**EXERCISE DESCRIPTION:** Everything in the listing should be copied exactly, save for the pictures.

▼

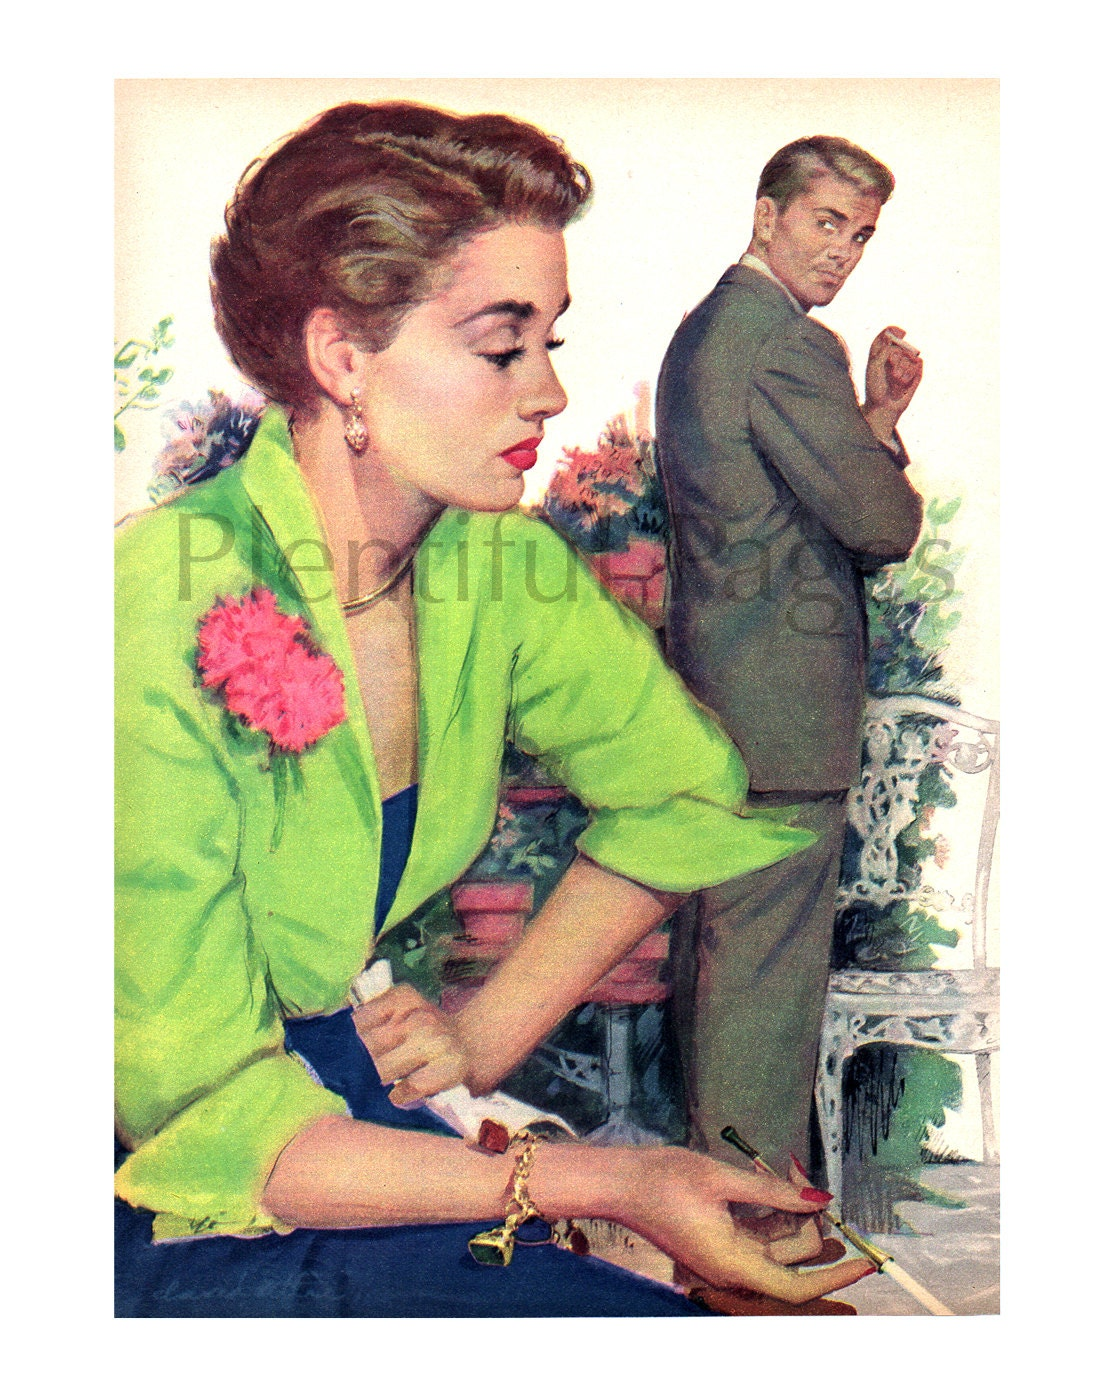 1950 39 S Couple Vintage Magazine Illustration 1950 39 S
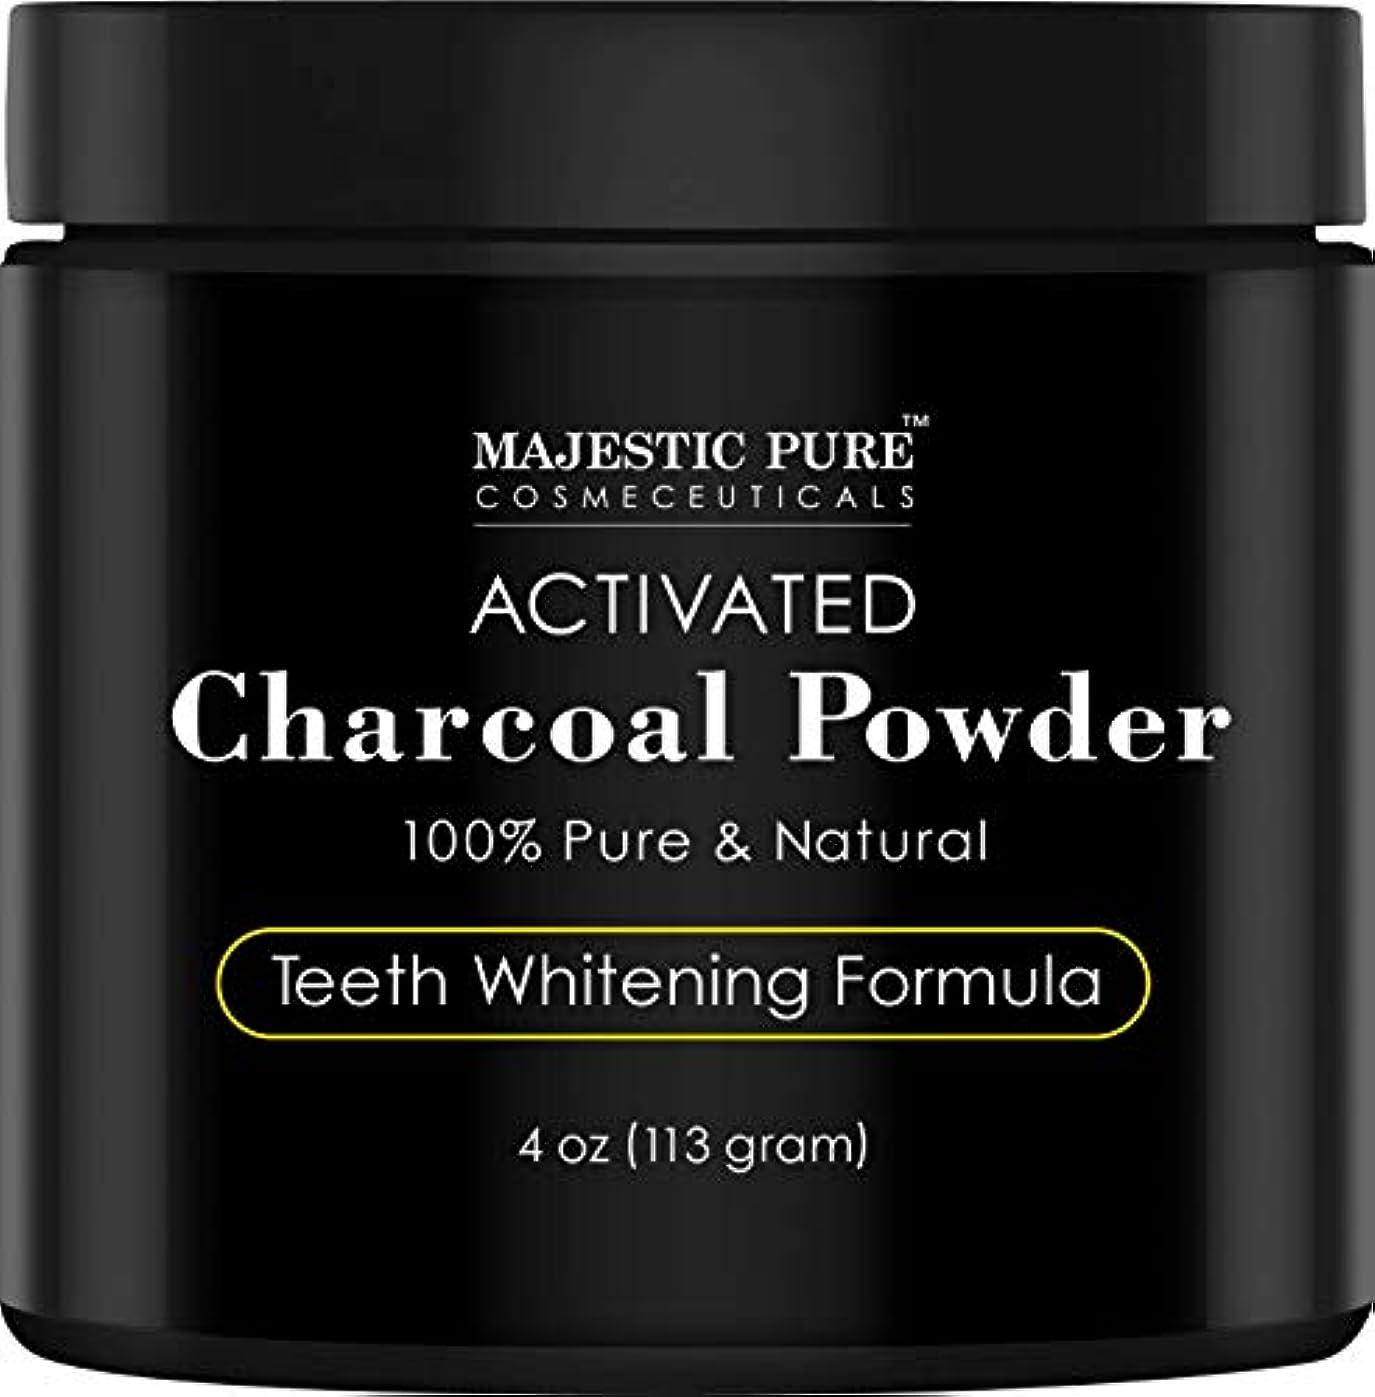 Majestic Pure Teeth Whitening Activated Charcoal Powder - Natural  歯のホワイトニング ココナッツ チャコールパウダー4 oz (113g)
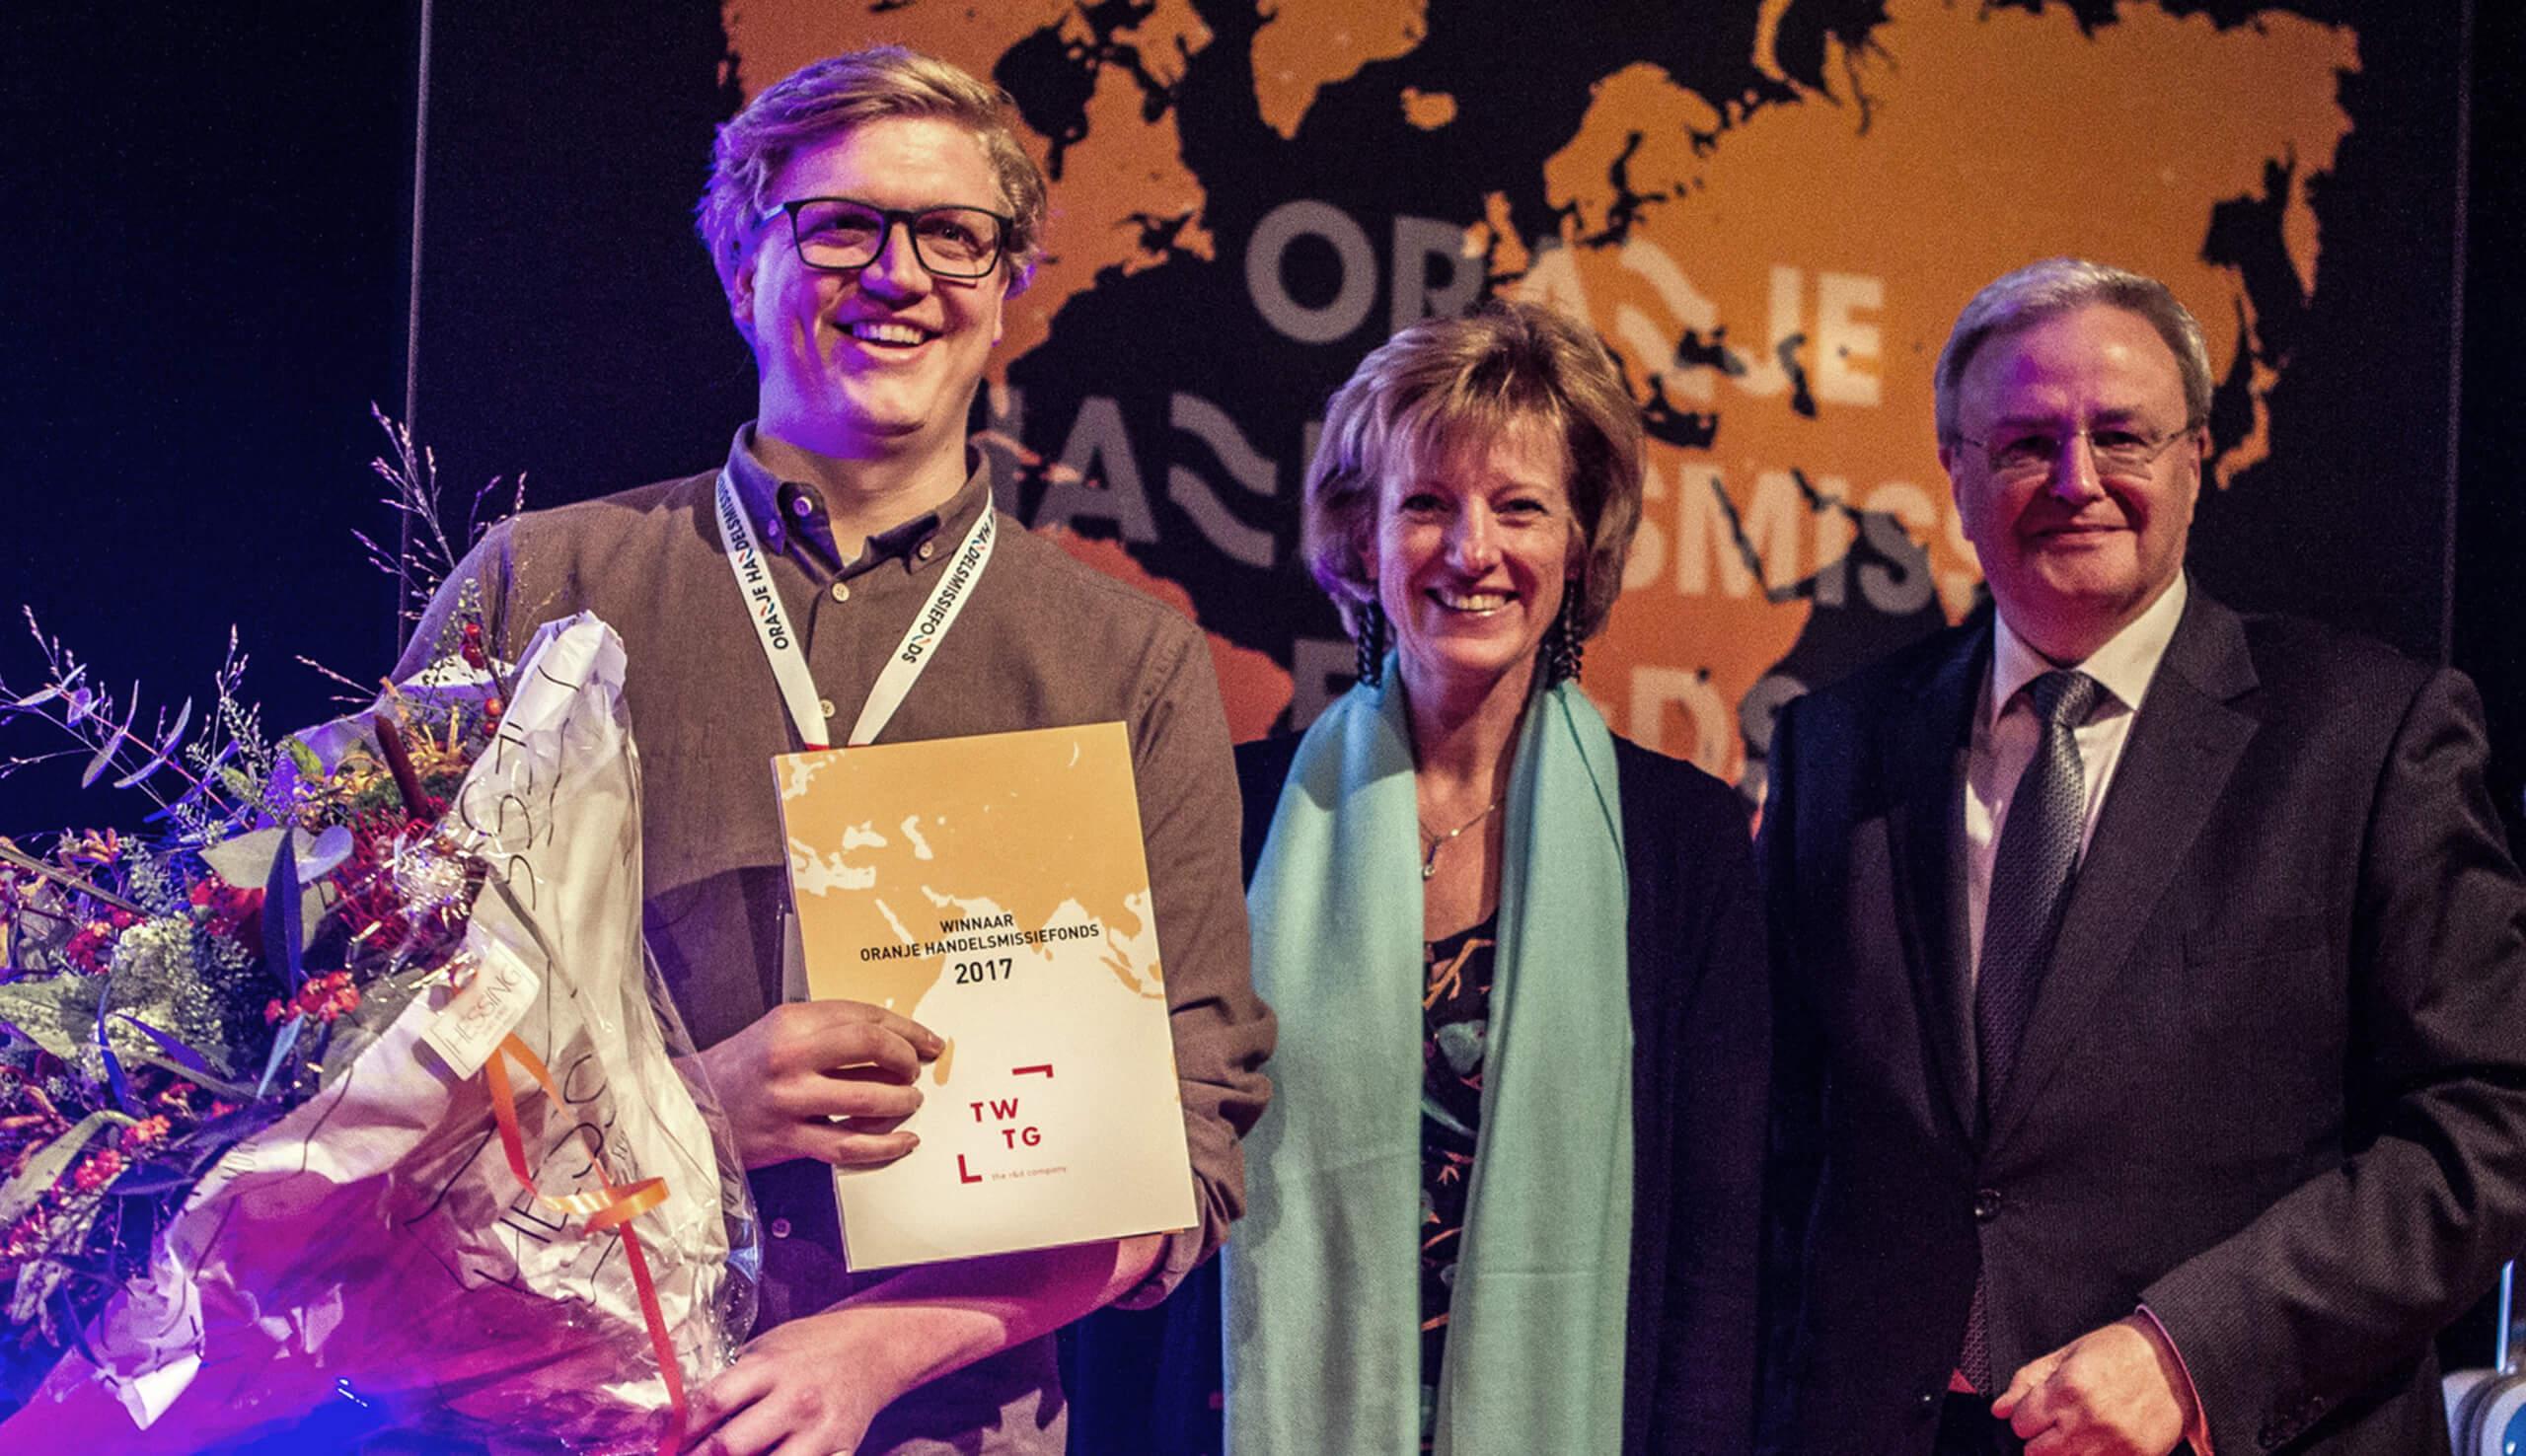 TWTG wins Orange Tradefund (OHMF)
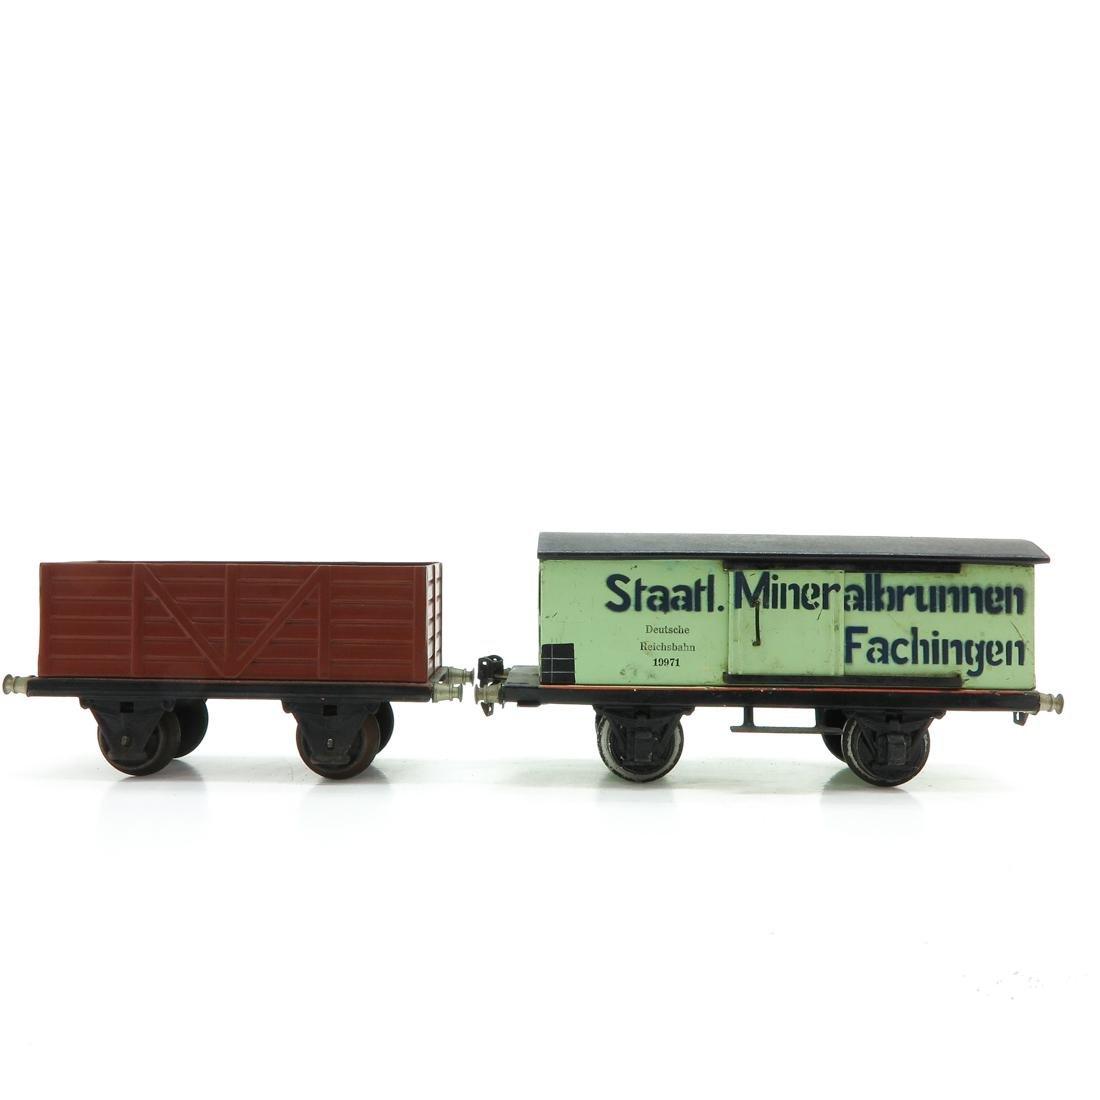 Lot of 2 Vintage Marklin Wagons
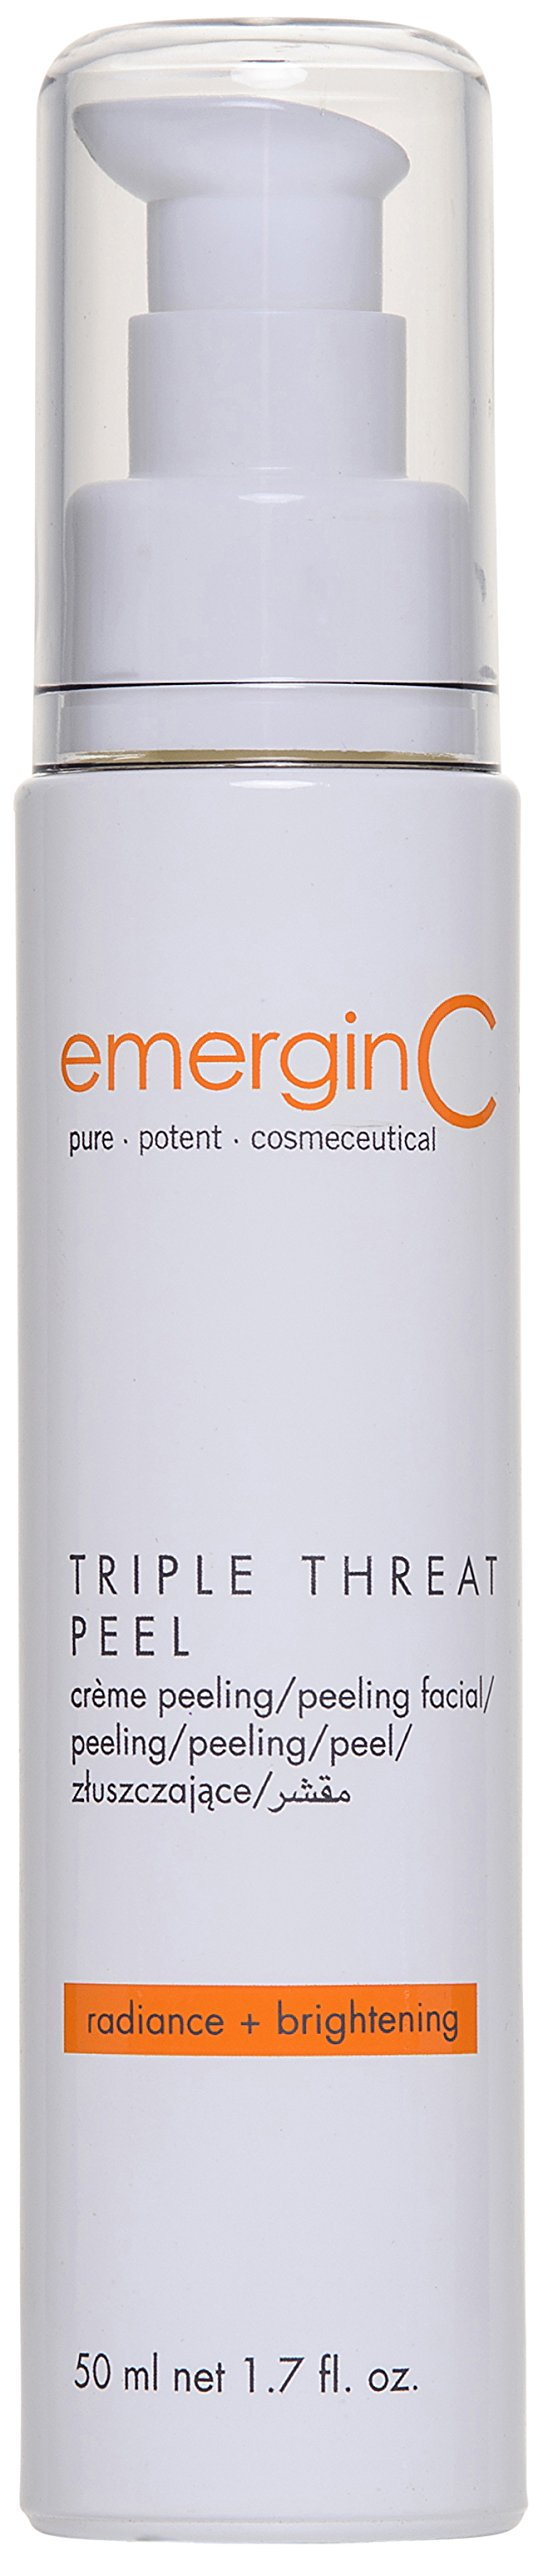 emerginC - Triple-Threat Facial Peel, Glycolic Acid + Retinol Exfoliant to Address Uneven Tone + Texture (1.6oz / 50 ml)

▲

**FINISHED EXERCISE:**
 1950 39 S Couple Vintage Magazine Illustration 1950 39 S
 Majestic Pure Teeth Whitening Activated Charcoal Powder - Natural  歯のホワイトニング ココナッツ チャコールパウダー4 oz (113g)
 TWTG wins Orange Tradefund (OHMF)
 Lot of 2 Vintage Marklin Wagons
 emerginC - Triple-Threat Facial Peel, Glycolic Acid + Retinol Exfoliant to Address Uneven Tone + Texture (1.6oz / 50 ml)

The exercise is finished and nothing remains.